Mountain in Uttarakhand, India

Manda II is a mountain of the Garhwal Himalaya in Uttarakhand India also called Manda south. The elevation of Manda II is 6568 m and its prominence is 583 m. It is joint 71st highest located entirely within the Uttrakhand. Nanda Devi, is the highest mountain in this category. It lies 1.6 km south of Manda I 6511 m and 2.4 km north of Manda III 6529 m. It lies 7.1 km NE of Jogin II 6342 m. Its nearest higher neighbor is Bhrigupanth 6772 m. It is located 8.1 km NW of Shivling (mountain) 6543 m and 14.6 km west lies Gangotri I 6682 m.
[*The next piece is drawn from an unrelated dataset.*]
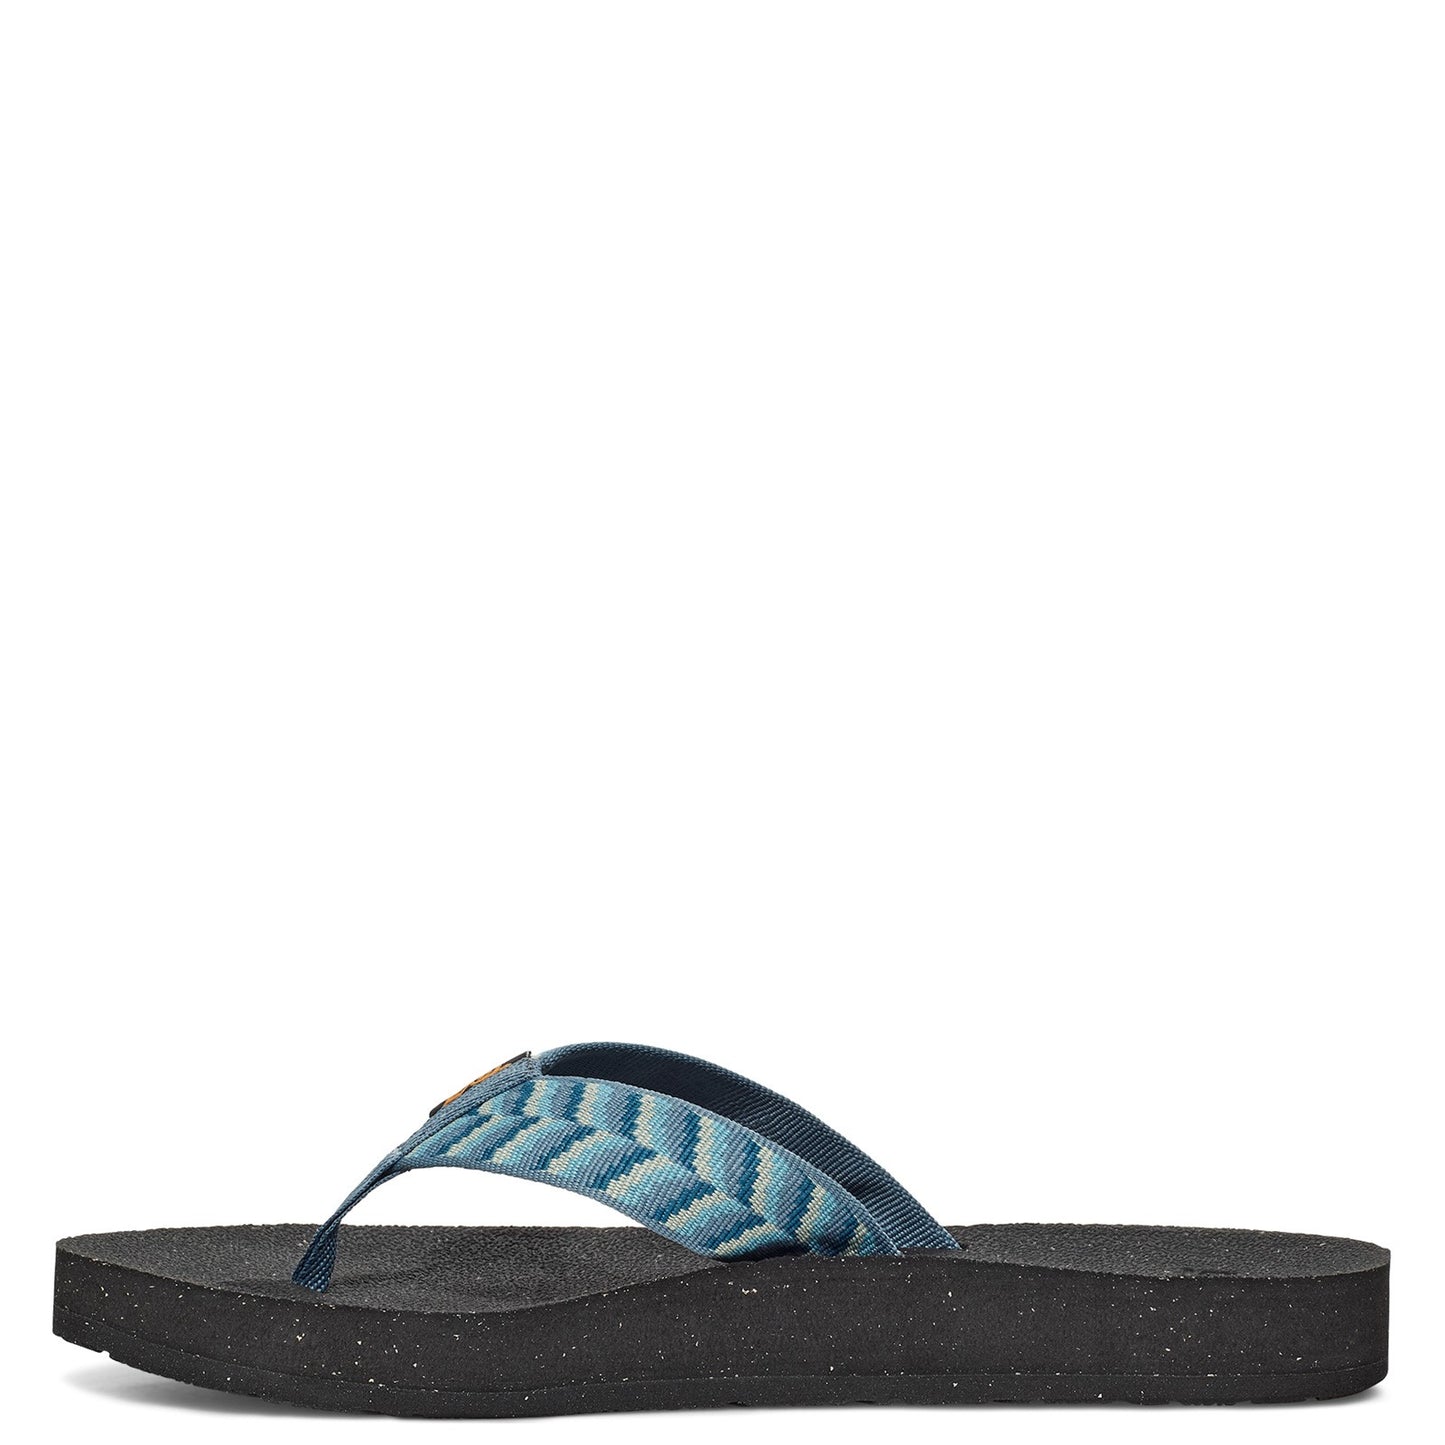 Peltz Shoes  Women's Teva Reflip Sandal RETRO BLUE 1124044-RGCB

==Gangotri National Park==
The entire surrounding area are protected within the 2390 sqkm Gangotri National Park, one of the largest conservation area in India. The Gangotri National Park is home to several world-class treks, including Gangotri Gomukh Tapoban Nandanvan, Kerdarnath Vasuki tal trek, Har ki dun valley trek, Badrinath to Satopanth tal trek, Gangotri to Kedartal trek, Gangotri to Badrinath trek via Kalindi khal and many more.

==Climbing history==

In 1982 an American expedition, led by Mark Udall had the privilege of first ascent of Manda II through the South Ridge.

A group of climbers from Junipers, a climbing club of Calcutta decided to attempt Manda II from the east. The team led by Avijit Das, comprised Arnab Banerjee, Arka Ghosh, Kaushik Pal, RK Gambhisana, Thapa (HAP), Dil (HAP), and Dharmi (cook). On June 21 four members reached the summit around 4: 00 p.m. Fixing a total of 760 meters rope below the summit ridge. This is only the second summit of this peak and first Indian summit.

==Neighboring and subsidiary peaks==
neighboring or subsidiary peaks of Manda II:
- Thalay Sagar: 6904 m
- Meru Peak: 6660 m
- Manda III: 6529 m
- Shivling: 6543 m
- Gangotri I: 6682 m
- Gangotri II: 6590 m
- Gangotri III: 6577 m
- Jogin II: 6342 m

==Glaciers and rivers==
On the western side lies Kedar Bamak and on the eastern side lies Bhrigupanth Bamak. Kedar Ganga emerges from Kedar bamak and joins Bhagirathi River near Gangotri. Bhrigupanth Bamak drain down to Bhagirathi River near Bhojwas. Bhagirathi joins the Alaknanda River the other main tributaries of river Ganga at Dev Prayag and called Ganga there after.